We are pleased to welcome Rachael Antwis, Jon Bielby, Fleur Ponton and Rafael L. G. Raimundo who have all recently joined the Journal of Animal Ecology Associate Editor Board.
Rachael Antwis
School of environment and life sciences. University of Salford, UK
Rachael is a microbial ecologist, broadly interested in genetic and environmental interactions that influence host microbiome composition, and the consequences of these for host functioning. Her research spans most taxonomic groups including invertebrates, amphibians, mammals and plants, in both terrestrial and aquatic environments. She has a particular interest in the role of host microbiomes in mediating infectious diseases in both animals and plants.
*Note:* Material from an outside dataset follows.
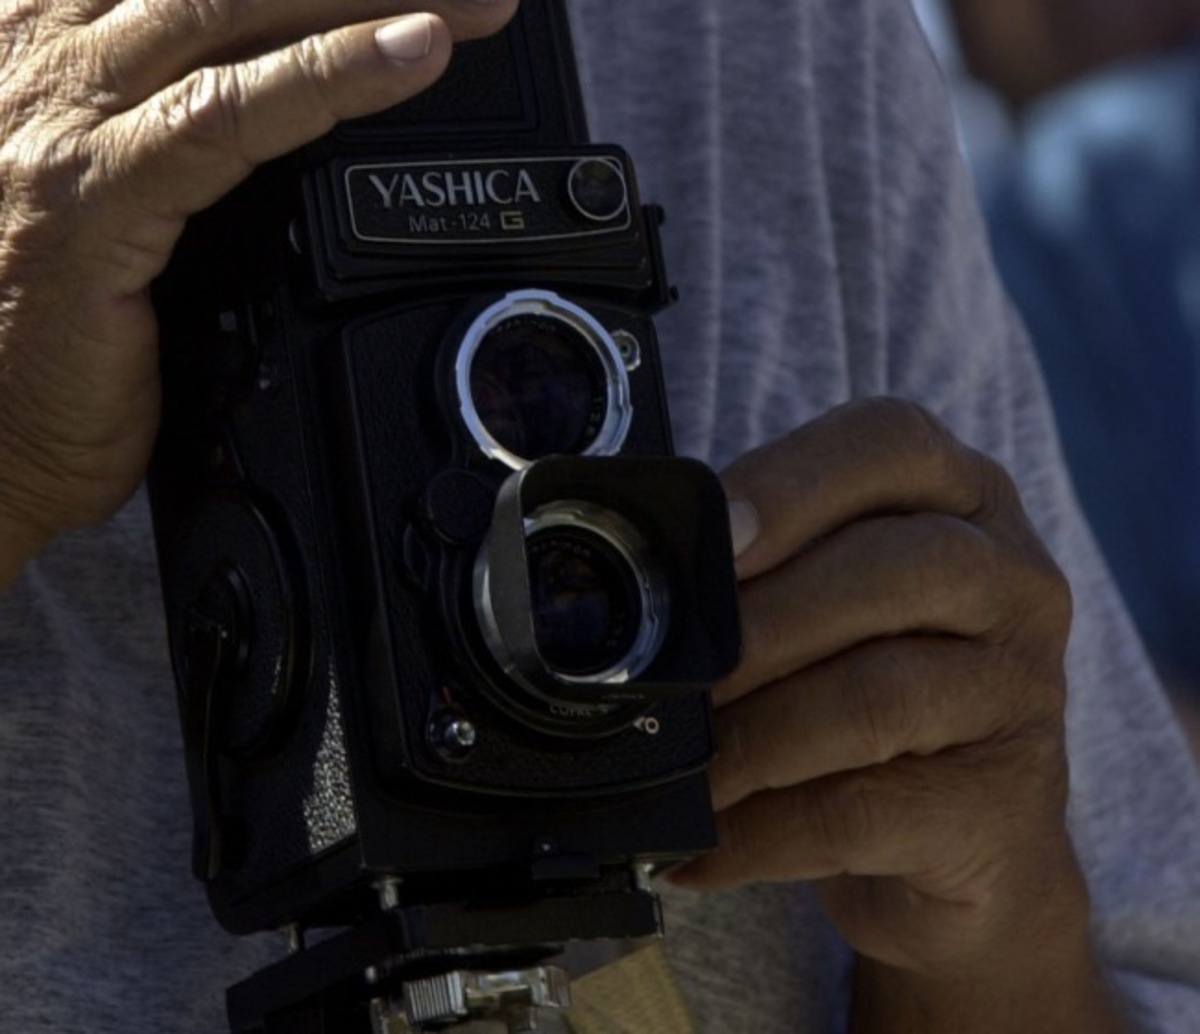 Creta: il cellulare e la macchina fotografica che aveva in mano lo hanno messo nei guai
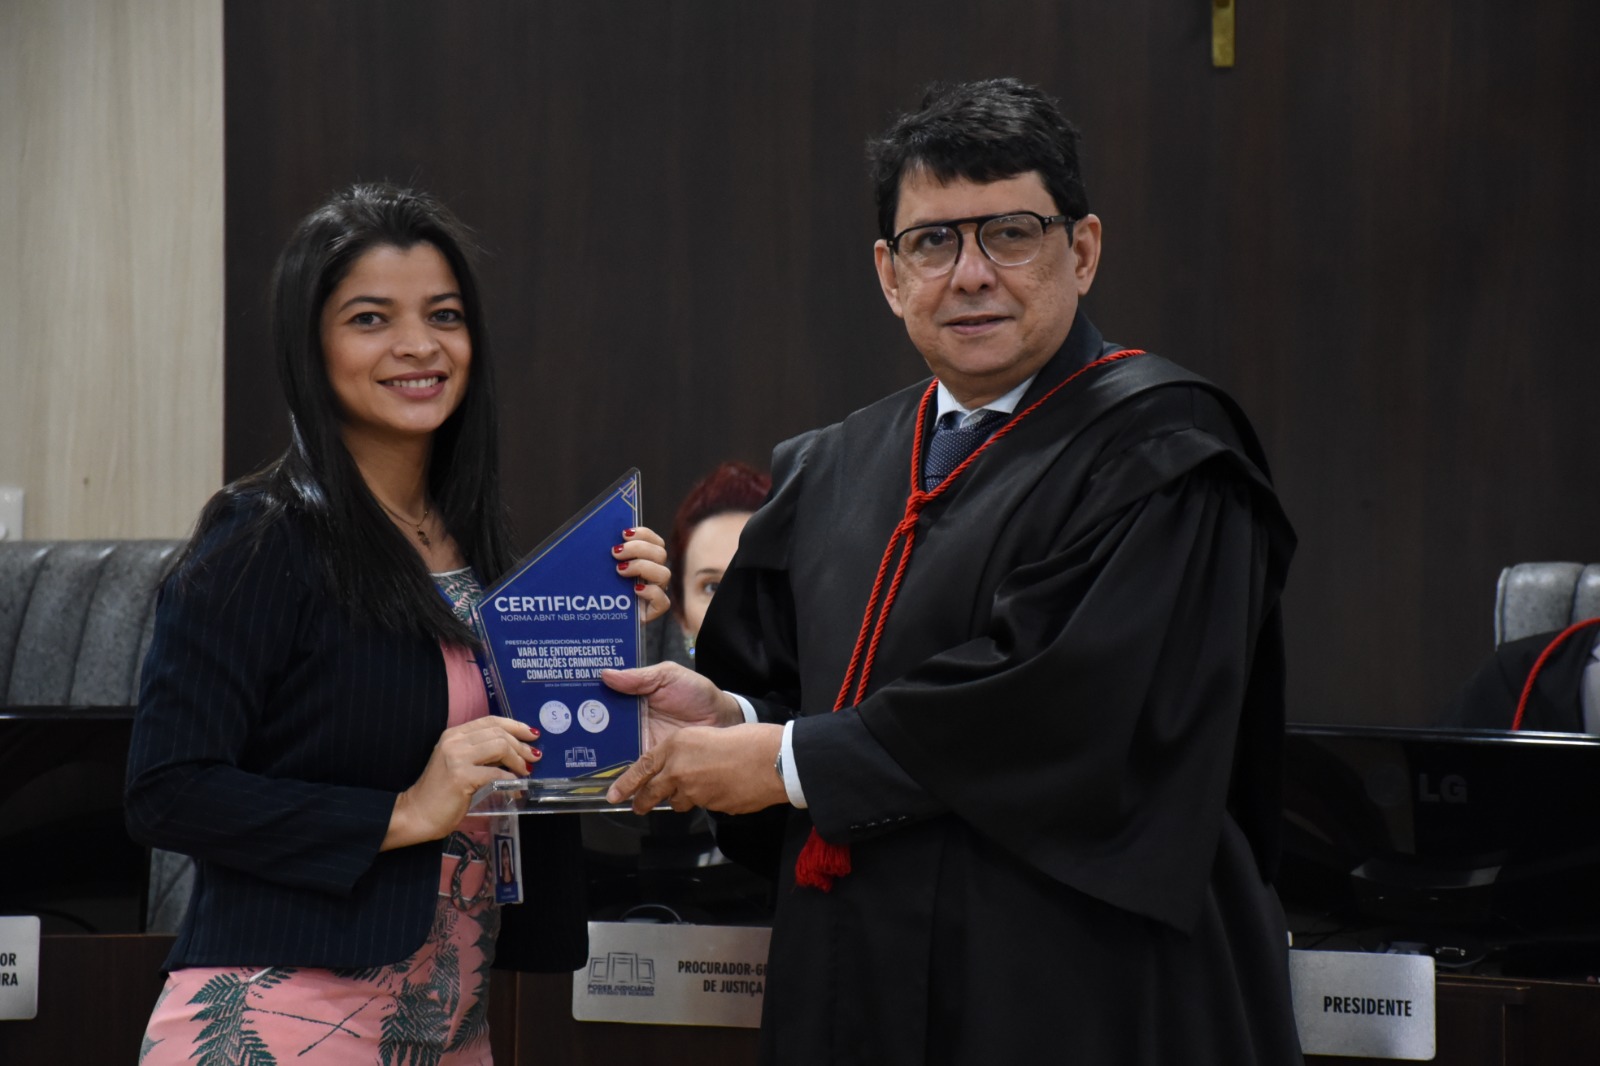 Imagem  colorida mostra o desembargador Jesus Nascimento, posando para a foto ao lado de uma servidora do Tribunal, ambos seguram o troféu certificado de qualidade de serviços prestados.

To understand this, she uses a combination of genomics approaches, including metabarcoding and metatranscriptomics, in both experimental and wild systems.
Jon Bielby
Liverpool John Moores University, UK
Jon is broadly interested in population biology, epidemiology and conservation. His work includes a diversity of approaches and scales ranging from the response of individual animals to parasite exposure, right up to species-level analyses of how species ecology and life history interact with the threat levels where they live to determine their susceptibility to decline and extinction. He has a broad taxonomic interest, but am particularly interested in reptiles and amphibians.
Fleur Ponton
Macquarie University, NSW, Australia
Fleur is a physiological ecologist who studies the links between nutrition, disease, immunity and gut microbiota to provide a more comprehensive and robust understanding of the key determinants of the outcome of host–pathogen interactions. Her current research focuses on how nutrition promotes resistance after infection and the transgenerational effects of nutrition on offspring resistance. Fleur mainly works with insects.
Rafael L. G. Raimundo
Department of Engineering and Environment, Center for Applied Sciences and Education, Federal University of Paraíba, Brazil
Rafael combines conceptual synthesis, species-interaction data, and adaptive network models to investigate eco-evolutionary processes shaping ecological interactions that connect the structure of biodiversity and ecosystem functioning. He is particularly interested in understanding the interplay between rapid evolution and ecological processes, focusing on how this interplay acts upon species-rich networks via adaptive interaction rewiring. He is also interested in applying network analyses and models to bridge eco-evolutionary principles to conservation strategies at the community and meta-community scales.